Autopolyploidy • Autopolyploids are polyploids with multiple chromosome sets derived from a single species. • Autopolyploids can arise from a spontaneous, naturally occurring genome doubling (for example, the potato). • Others might form following fusion of 2n gametes (unreduced gametes). • Bananas and apples can be found as triploid autopolyploids. • Autopolyploid plants are often infertile and propagated clonally
Allopolyploidy • Allopolyploids are polyploids with chromosomes derived from different species. • Precisely it is the result of doubling of chromosome number in an F1 hybrid. • Triticale is an example of an allopolyploid, having six chromosome sets, four from wheat (Triticum turgidum) and two from rye (Secale cereale). Triticale is essentially a self-fertilizing (naturally inbred) crop.
Some chromosomal Aberrations • Chromosomal aberrations are disruptions in the normal chromosomal content of a cell, and are a major cause of genetic conditions in humans • Some chromosome abnormalities do not cause disease in carriers, such as translocations (rearrangement of parts between non-homologous chromosomes ), or chromosomal inversions (a chromosome rearrangement in which a segment of a chromosome is reversed end to end) , although they may lead to a higher chance of birthing a child with a chromosome disorder.

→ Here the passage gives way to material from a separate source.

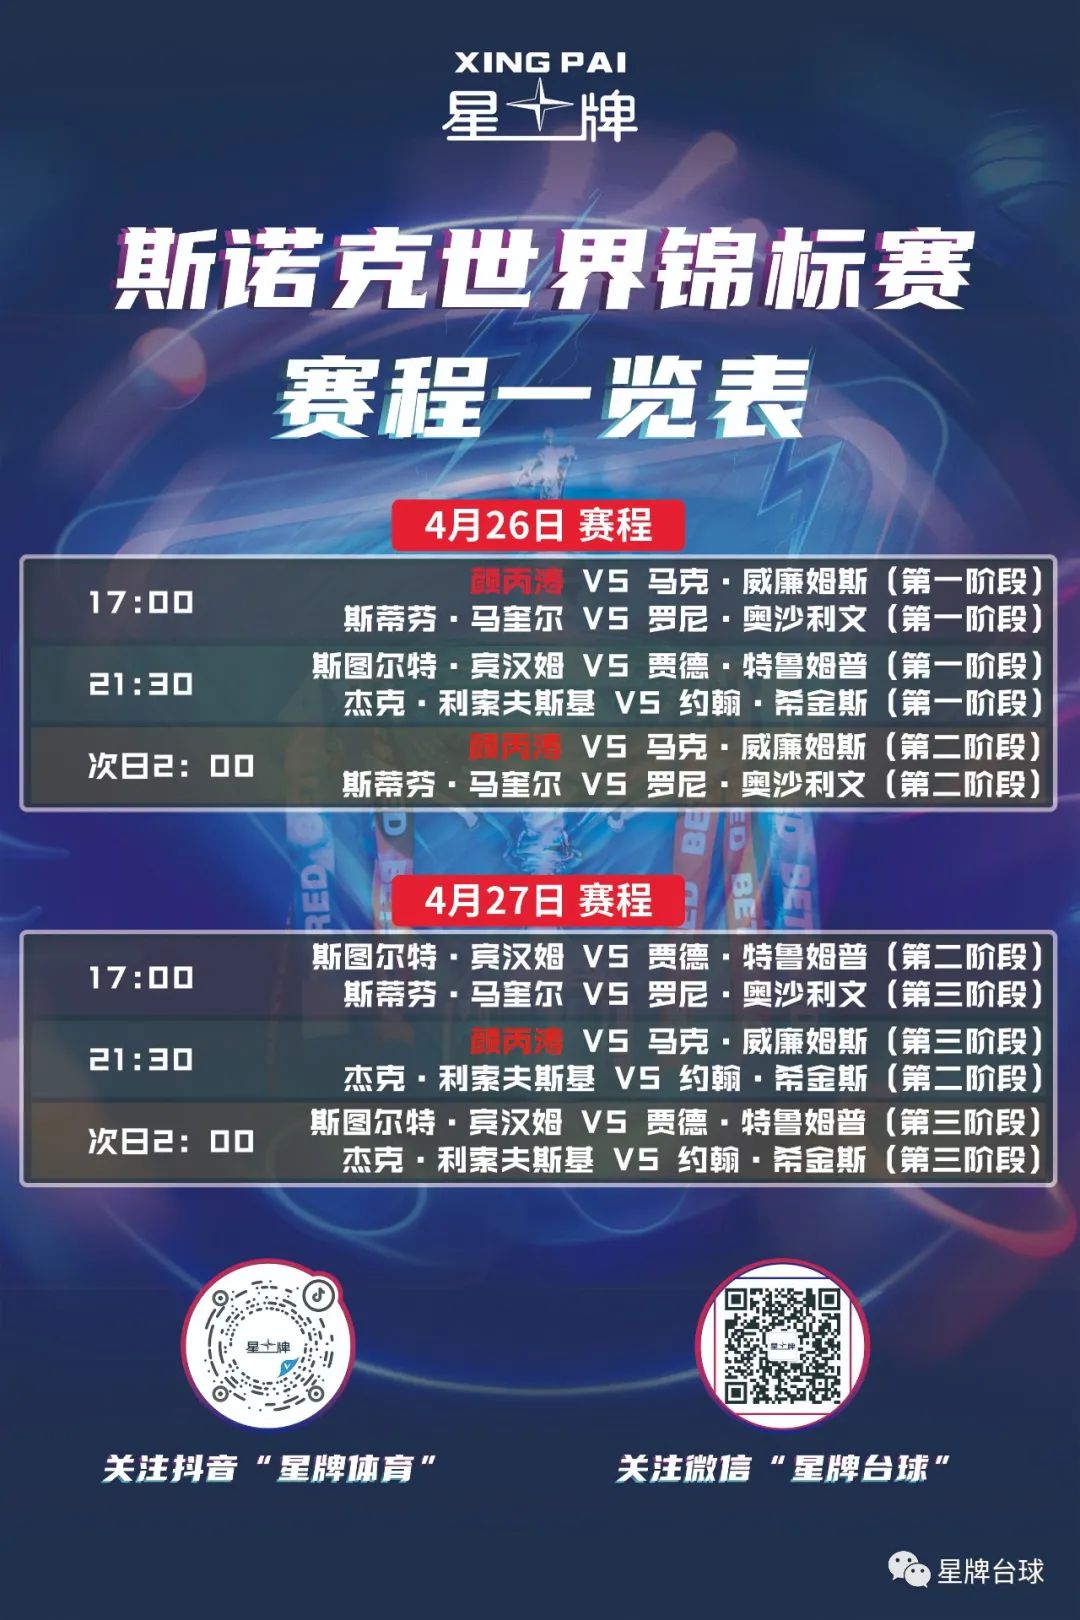 斯诺克世锦赛1/4决赛开战 颜丙涛今日17:00对阵威廉姆斯！

Down's syndrome: caused by an extra copy of chromosome 21 (trisomy 21). Is the most common trisomy. • Edwards syndrome, which is the second-most-common trisomy. It is a trisomy of chromosome 18. • Klinefelter's syndrome (XXY). Men with Klinefelter syndrome are usually sterile, and tend to have longer arms and legs and to be taller than their peers. Boys with the syndrome are often shy and quiet, and have a higher incidence of speech delay • Turner syndrome (X instead of XX or XY). In Turner syndrome, female sexual characteristics are present but underdeveloped. People with Turner syndrome often have a short stature • XYY syndrome. XYY boys are usually taller than their siblings. Like XXY boys and XXX girls, they are somewhat more likely to have learning difficulties. • Triple-X syndrome (XXX). XXX girls tend to be tall and thin.